Most recommender demos are a content-similarity cosine over a frozen dataset. I wanted the real thing: a two-stage retrieve-and-rank system the way production recommenders are built, running on live data, usable by a first-time visitor with no history, and able to answer a feeling rather than an id.

Approach

  • Two stages. Stage one is a two-tower neural model with separate user and item encoders, trained with in-batch-negative sampled softmax. At serving time the user (or a text query) is embedded and the top few hundred candidates are pulled by approximate nearest-neighbor search. The index is Proxima, my own C++ HNSW engine, running its int8 SQ8 mode to keep the serving memory small. Stage two is a neural ranker that re-scores those candidates.
  • Hybrid signals and cold start. Collaborative signal comes from MovieLens; content embeddings of title, genres, tags, and the TMDB plot, cast, and director come from a sentence-transformer. A content-aware item tower means a brand-new movie with zero ratings still gets a usable embedding.
  • Live and current.
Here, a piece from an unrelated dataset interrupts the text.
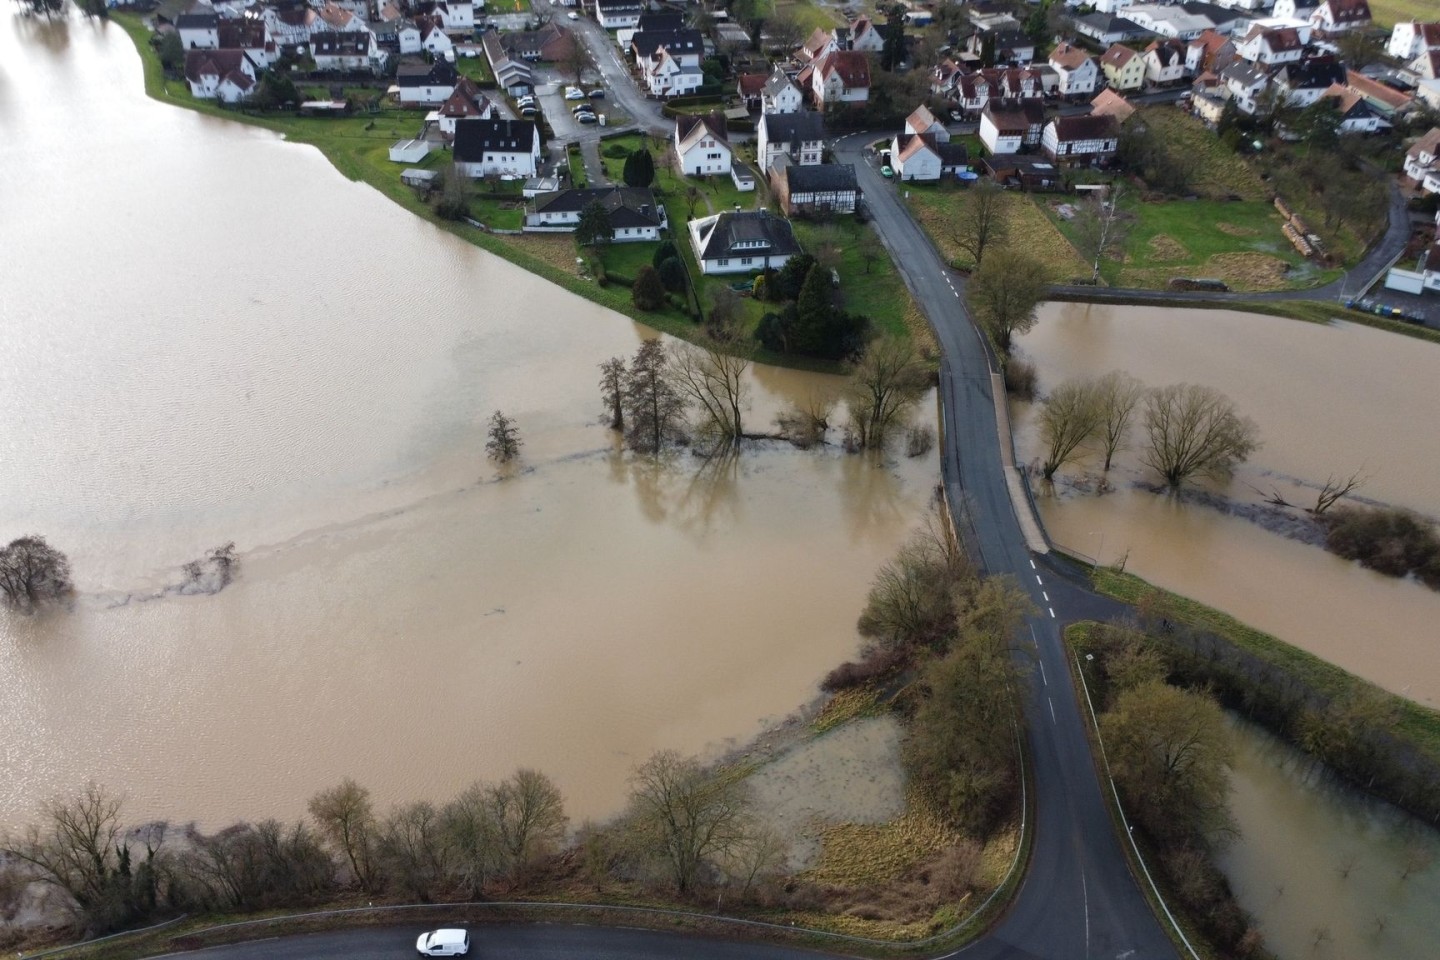 Hochwasser im Landkreis Marburg-Biedenkopf. Die Lahn ist weit über ihre Ufer getreten. Auch in Hessen ist die Hochwasserlage angespannt.

A daily job pulls trending and now-playing titles from the TMDB API and folds them into the index, so recommendations include movies released after the dataset froze.
  • Natural-language search. A free-text request is embedded into the same item space and used as the retrieval query, so the system answers vibes, not just ids.
  • Honest evaluation. A leakage-free temporal split, with Recall, NDCG, and MAP reported against a popularity baseline and a content-similarity baseline.

Result

The hybrid two-tower beats both baselines on the held-out split. On items withheld from training entirely it recovers roughly ten times the recall of a collaborative-only system, which is the cold-start mechanism doing its job. The whole thing serves behind a FastAPI backend and a React frontend, Dockerized for a small always-on host, with a “pick a few you like” onboarding so a first-time visitor gets good results immediately. The ranker taught the most: the usual hard-negative advice quietly sabotages a re-ranker on sparse implicit feedback, because the retrieved negatives contain the user’s own held-out future positives, so it learns to bury exactly what the eval rewards.